┌──

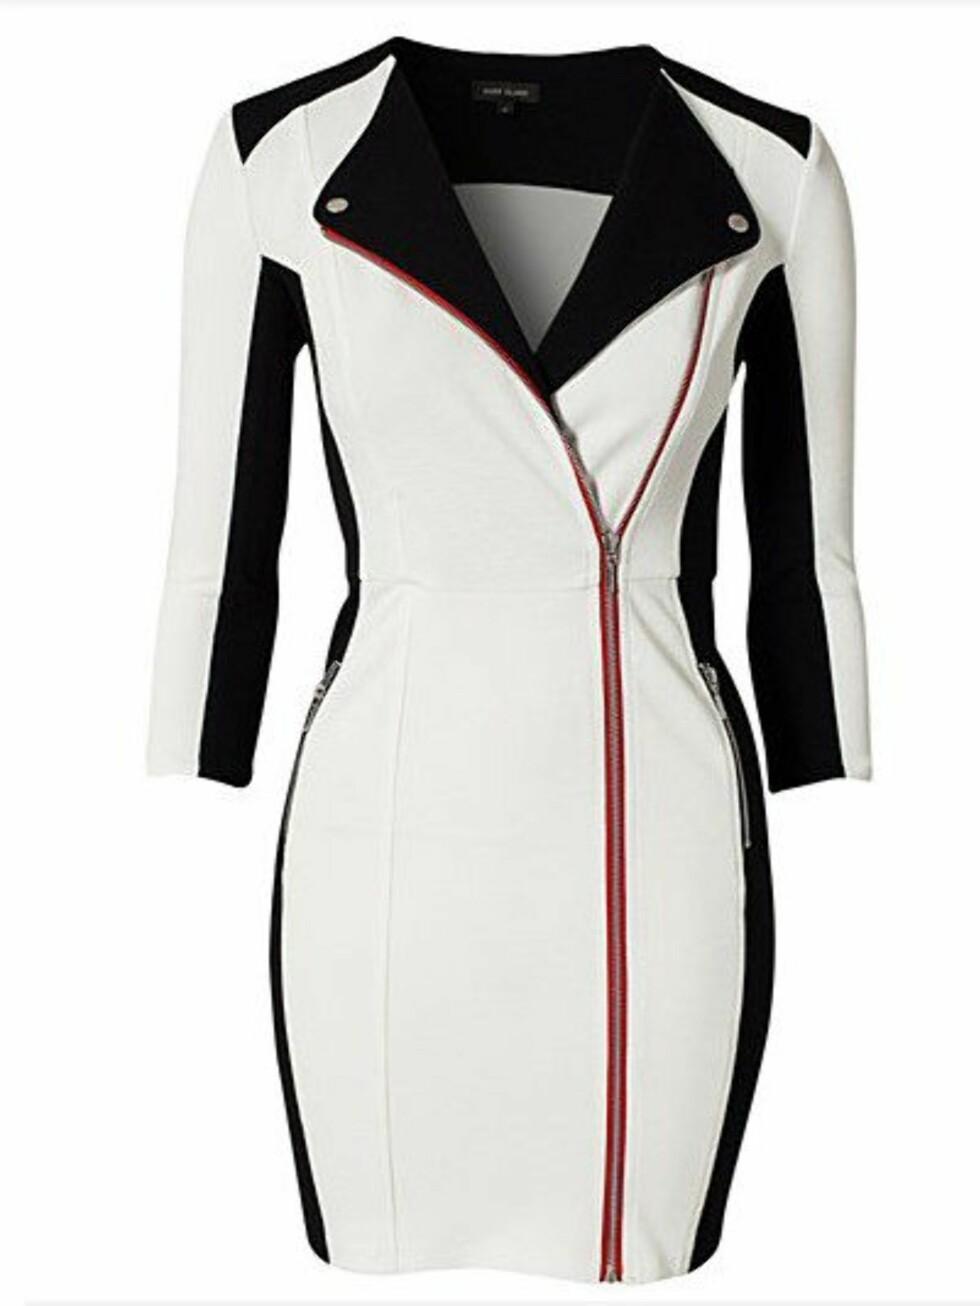 Stilig jakkeinspirert kjole fra River Islan. 449 kroner, Nelly.com. Foto: Produsenten
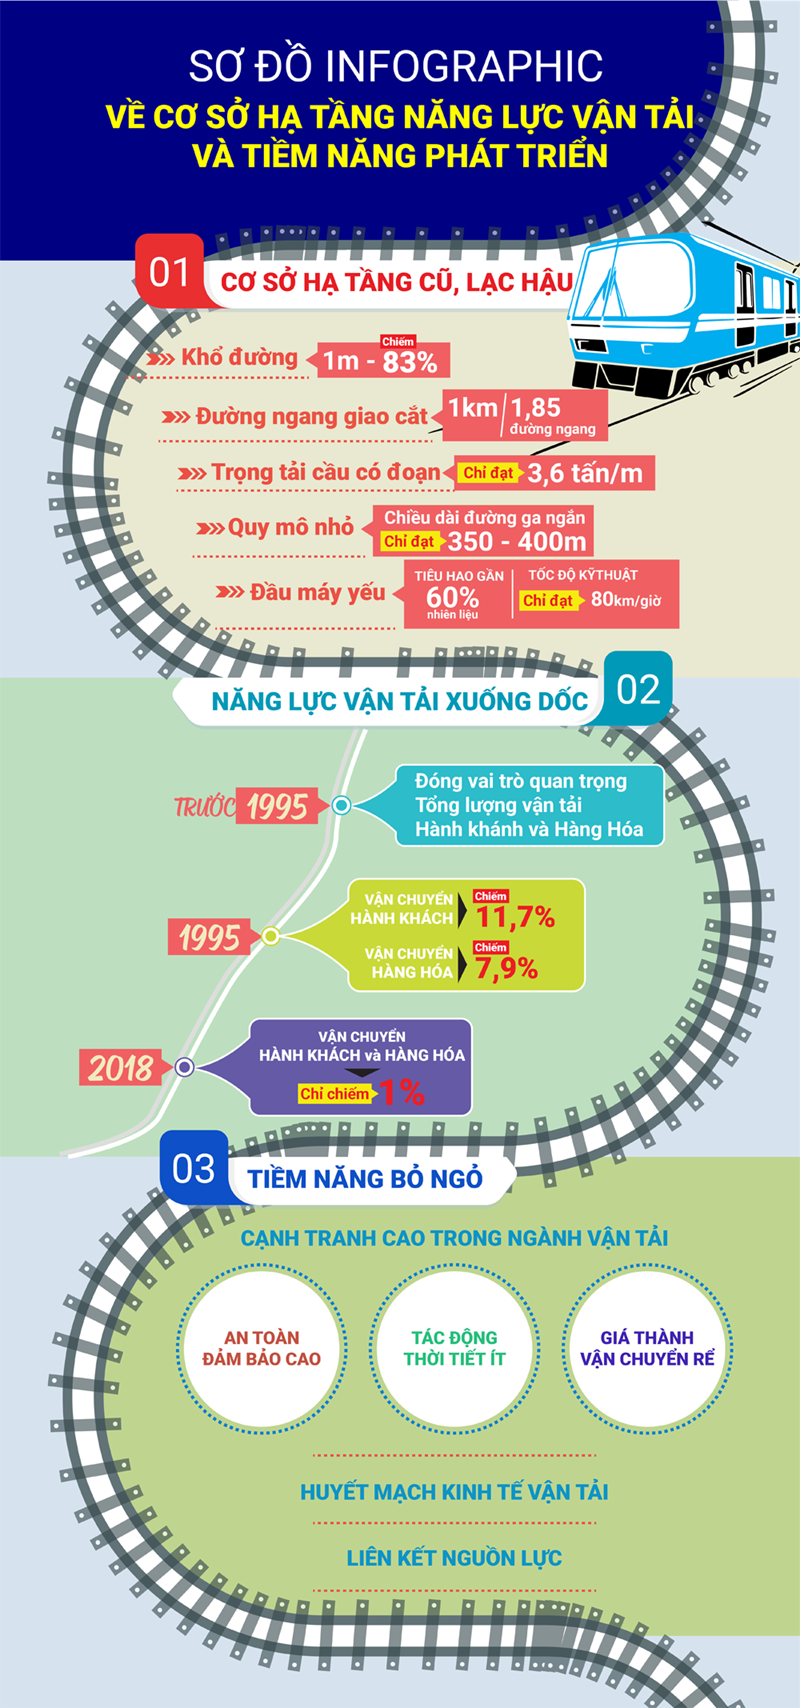 [Infographics] Cơ sở hạ tầng năng lực vận tải và tiềm năng phát triển   - Ảnh 1
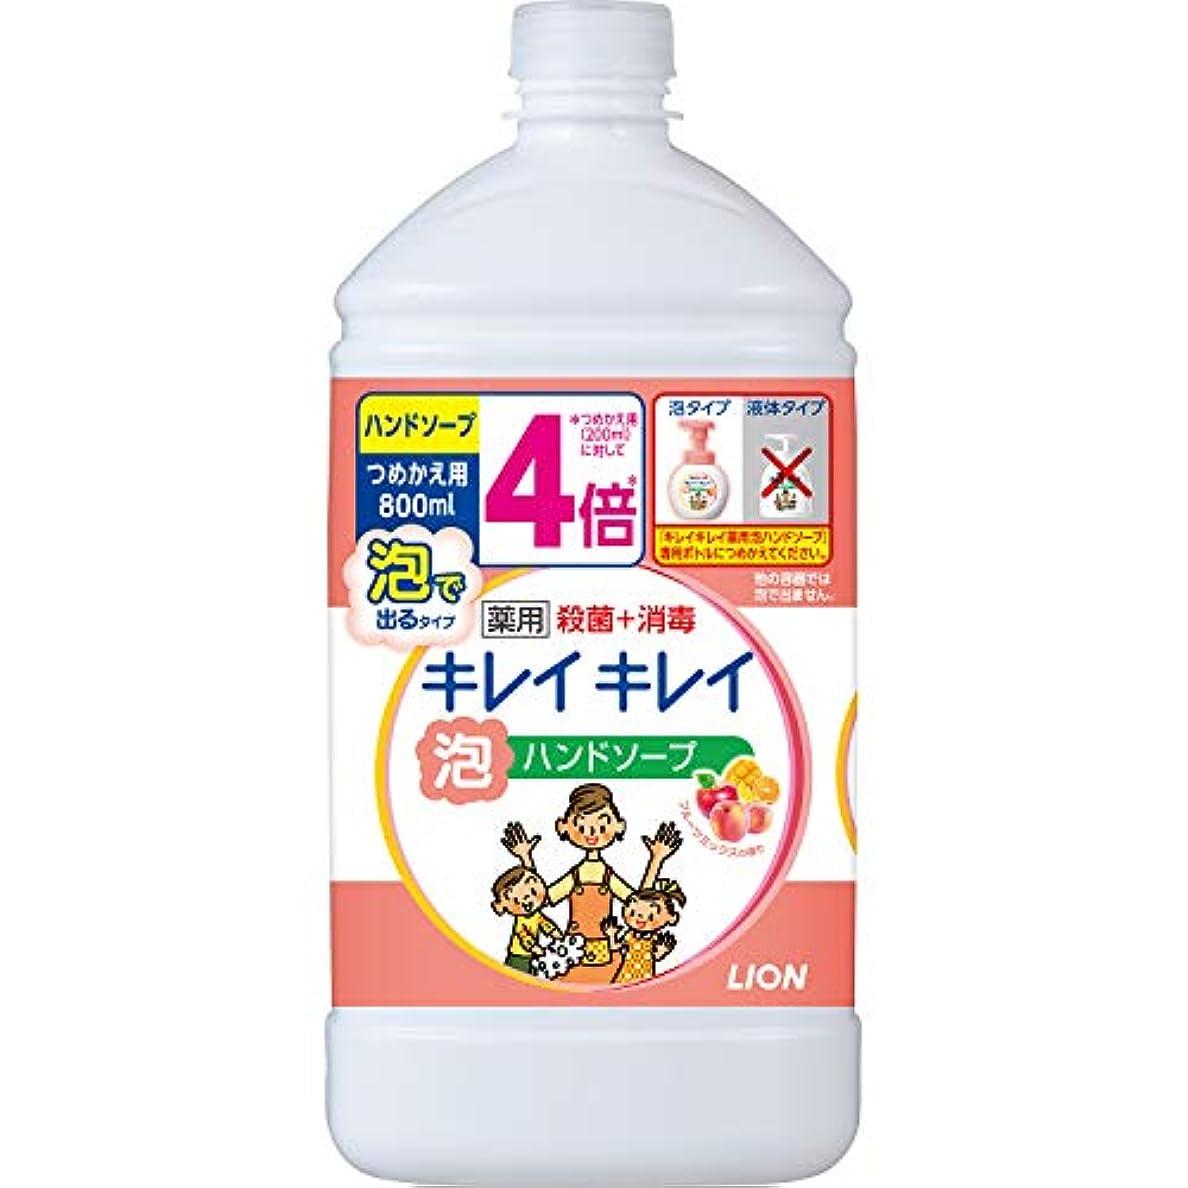 回路受動的(医薬部外品)【大容量】キレイキレイ 薬用 泡ハンドソープ フルーツミックスの香り 詰め替え用 800ml

└──

● **INSTRUCTIONS FOR THE TASK**: In your copy, the listing above should appear word for word, with no images.

● **SOLUTION**:
 Stilig jakkeinspirert kjole fra River Islan. 449 kroner, Nelly.com. Foto: Produsenten
 [Infographics] Cơ sở hạ tầng năng lực vận tải và tiềm năng phát triển   - Ảnh 1
 回路受動的(医薬部外品)【大容量】キレイキレイ 薬用 泡ハンドソープ フルーツミックスの香り 詰め替え用 800ml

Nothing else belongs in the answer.